After the success of McKenna’s single 'Beautiful Faces' back in January, the up-and-coming English artist has given his fans a second glimpse into his highly anticipated new album, Zeros, with the release of 'The Key To Life On Earth'. The electric new single was shared to all major music streaming platforms on 14 April, accompanied by a thought-provoking visual directed by Will Hooper (who has previously collaborated with Slaves and APRE), and stars The End Of The F***ing World's Alex Lawther as McKenna’s doppelgänger.
McKenna explains that 'The Key To Life On Earth’ reflects on mundanity and hostility” as highlighted in the lyrical content, which deals with duality, humanity, and one’s place in the dynamic scape of human experience.

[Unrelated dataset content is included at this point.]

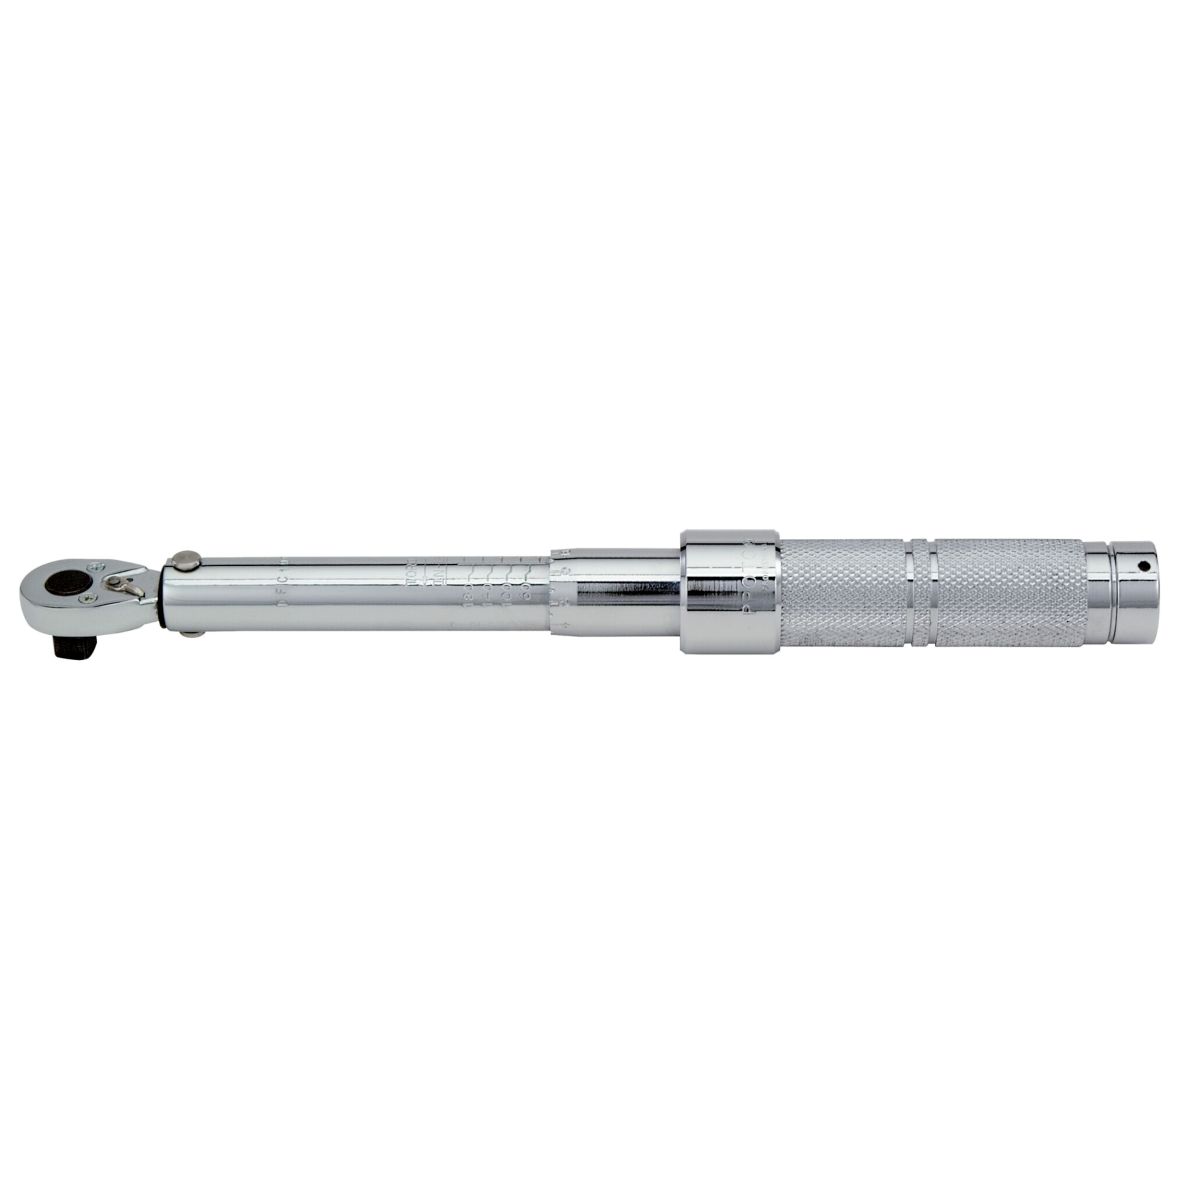 Proto 6014C 50-250 ft./lbs. Ratchet Foot Pound Torque Wrench — 1/2" Drive

This is mirrored by visuals that show McKenna and his doppelgänger repeating same resented mundane activities, such as brushing their teeth together and sharing a baguette, which quickly result in conflict.
The concept of an inescapable doppelgänger could represent McKenna’s own feelings of imprisonment within a stagnant daily routine, which, due to the current U.K. lockdown, are more fitting and relatable than ever.
McKenna further explains that the video, filmed in the desolate suburban sprawl that was East London before lockdown, focuses on “two people, who are very similar, in conflict with each other”. This is brought to life by Lawther’s role as McKenna’s doppelgänger, which has been long awaited by fans after years of being compared to one another. Lawther himself even admitted in an interview with NME that sometimes strangers “think I’m Declan McKenna.” And for that reason, there was no one more perfectly suited for the role of McKenna’s doppelgänger.
With every release, McKenna seems to sweep new ground so flawlessly that listeners may forget that this is an effort by a twenty-one-year-old on his second album.
'The Key To Life On Earth' is a modern day musical masterpiece and it is evident that McKenna has put his heart and soul into perfecting it. McKenna’s use of juxtaposition between darker and brighter tones, along with the use of distortion in his guitar riffs, creates discordance and cleverly mirrors the unsettling visuals. This gives both the single and the accompanying music video an unavoidable eerie and melancholy aura, giving us a glimpse into the key themes explored in Zeros.
From what we have already heard from Zeros, it definitely appears to explore more obscure concepts than McKenna’s acclaimed debut album What Do You Think About The Car, which since its release in 2017, has been streamed over 230 million times on Spotify alone.
I anticipate seeing what more the innovative young star has to offer the indie music scene over the next few months, after letting his mind wander to create a compelling new album which should stand out among the best of 2020.